If everything has the same density gradient, why don't we notice this effect locally?
Because locally, stars and planets are dramatically more dense than their immediate surroundings. The local topography overwhelms the underlying gradient. The Hubble shift doesn't become noticeable until around 1 megaparsec; at that distance, it begins to overtake the local effects.
How is this different from the tired light theory?
This model comes directly from the core postulates of general relativity. The distribution alone accounts for the redshift, so there is no need for expansion, inflation, or dark energy.
What observable evidence would support your model over the expansion model?

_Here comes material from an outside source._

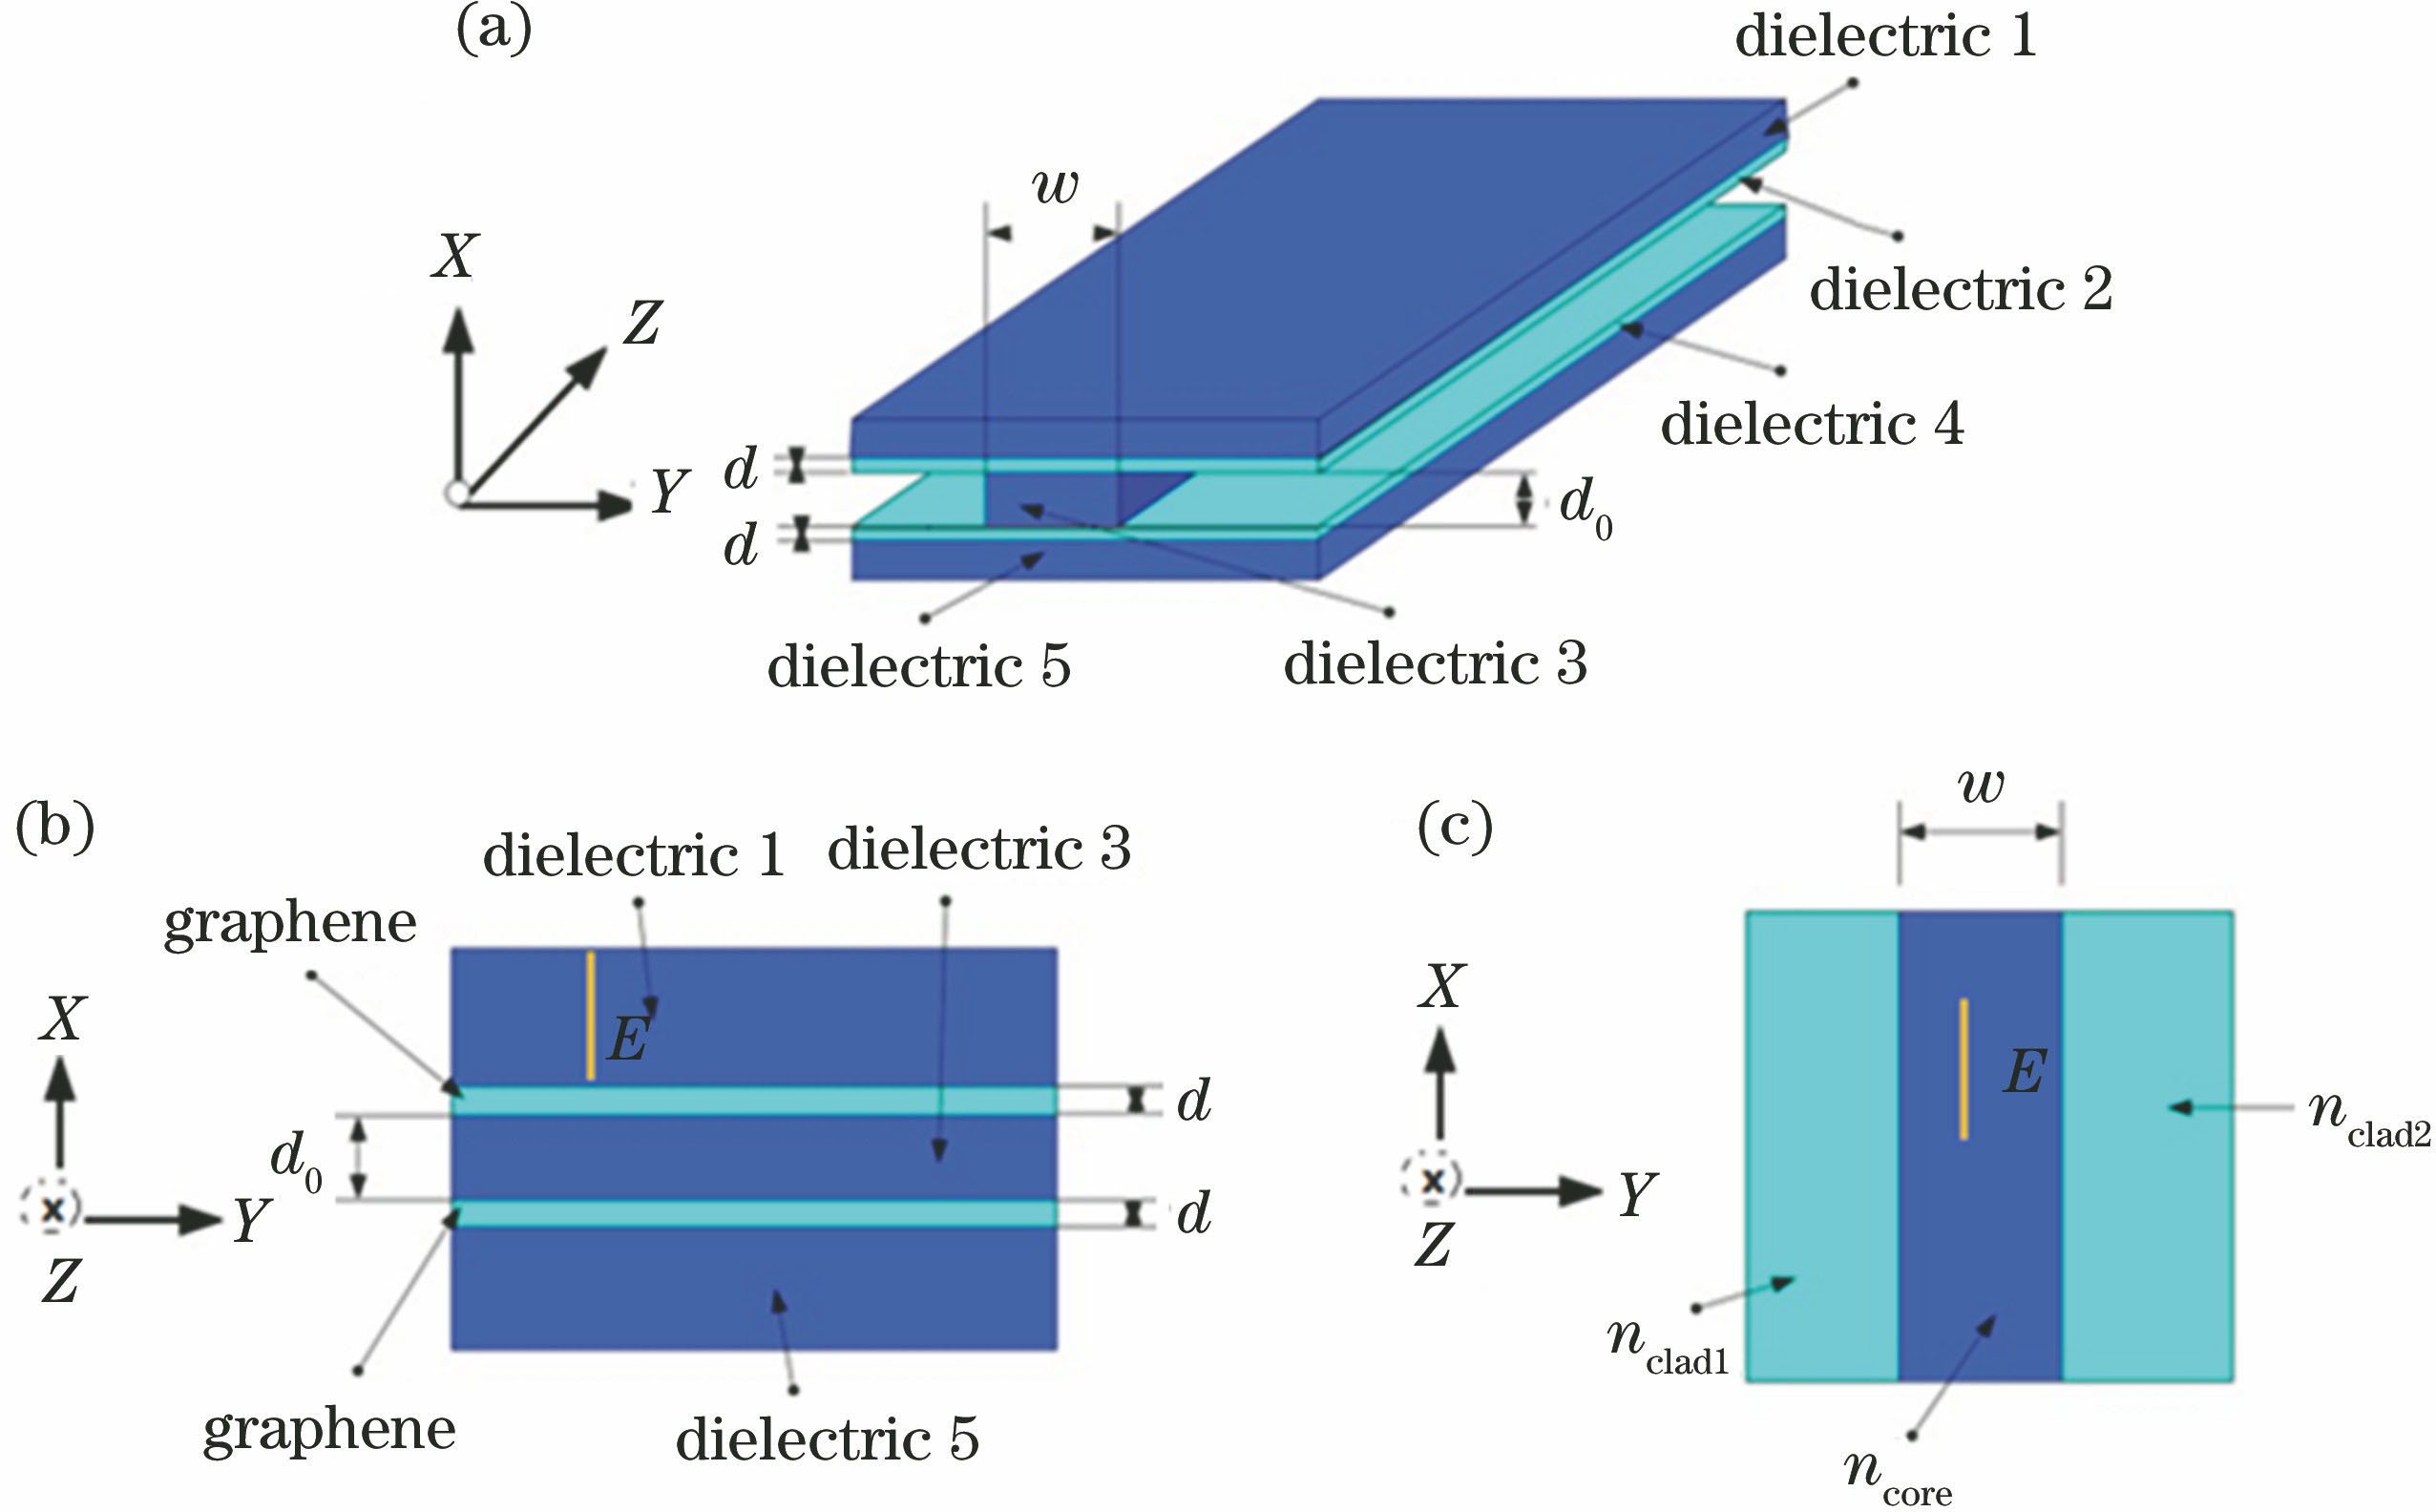 DLTGSSPW. (a) Theoretical model; (b) equivalent five-layer planar waveguide structure of D1/G/D3/G/D5; (c) equivalent three-layer planar waveguide structure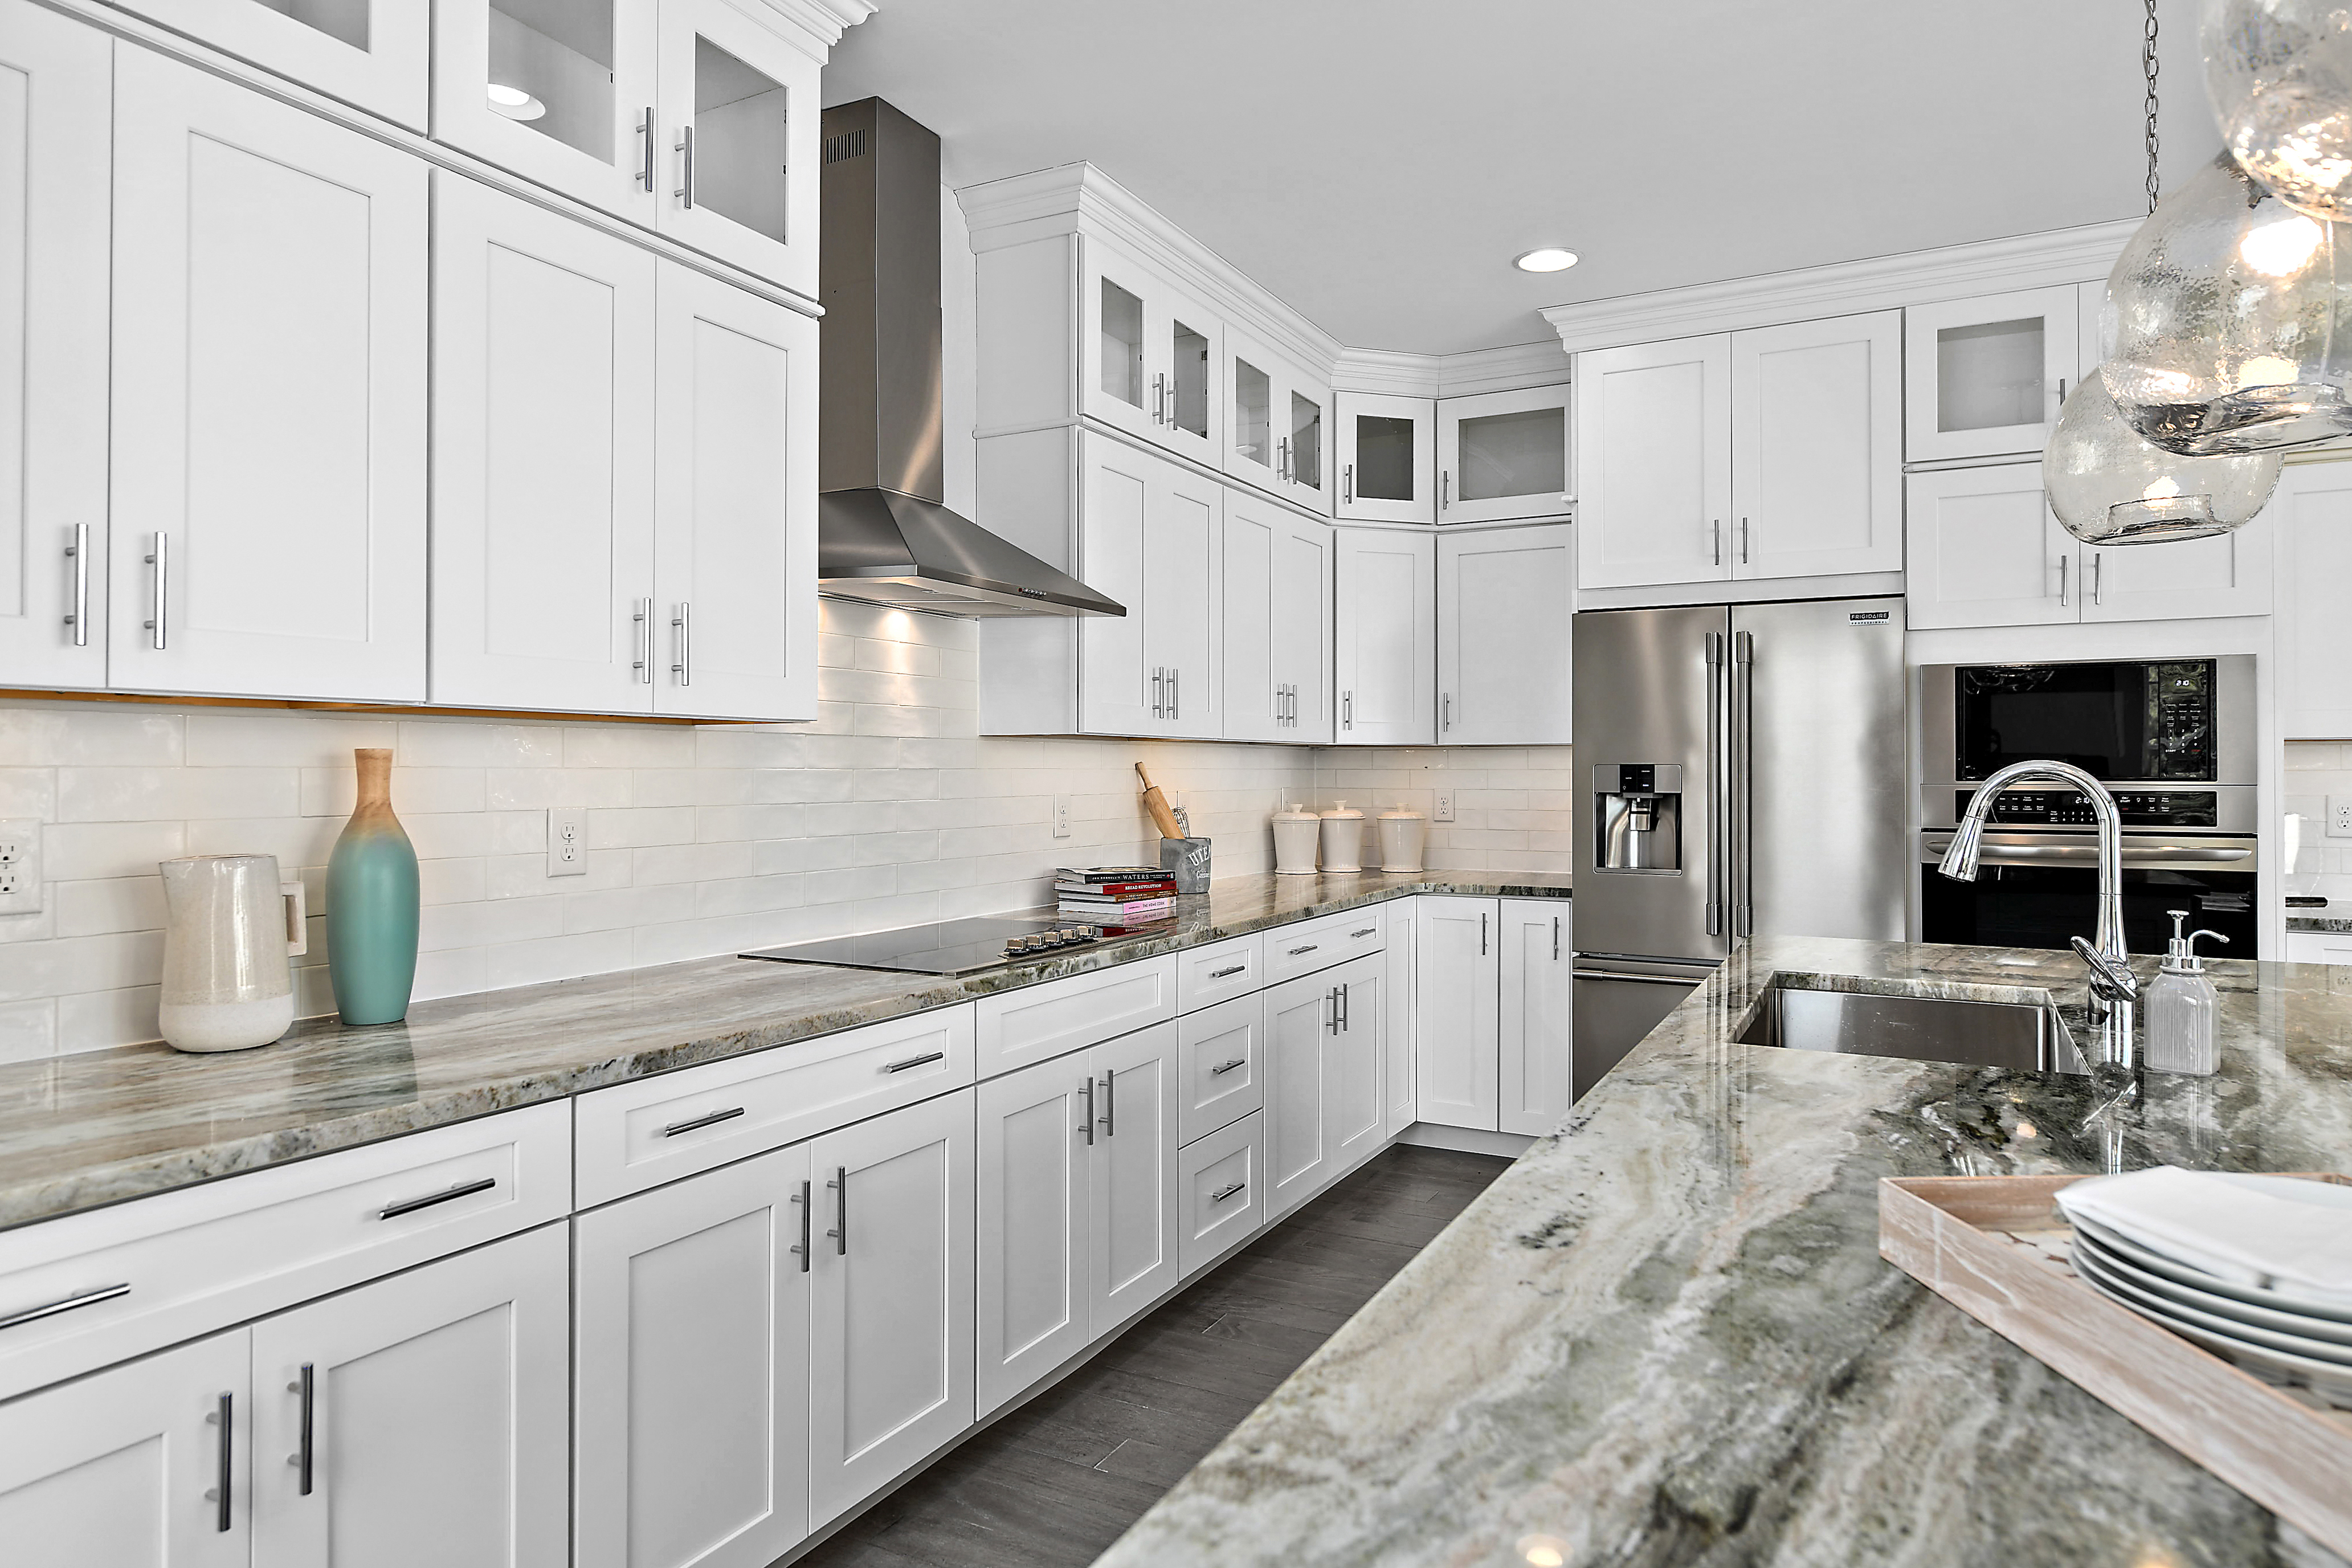 Gourmet Kitchen with White Cabinets, Glass Double Stacked Cabinets, Granite Counters, and Stainless Steel Appliances

All observations support this model. It's the interpretations and assumptions that are different. The coming SHOES project may offer some methods to distinguish between the two models, but it's hard to compete against a magic model that makes adjustments based on the observations. The best you can aim for is a tie.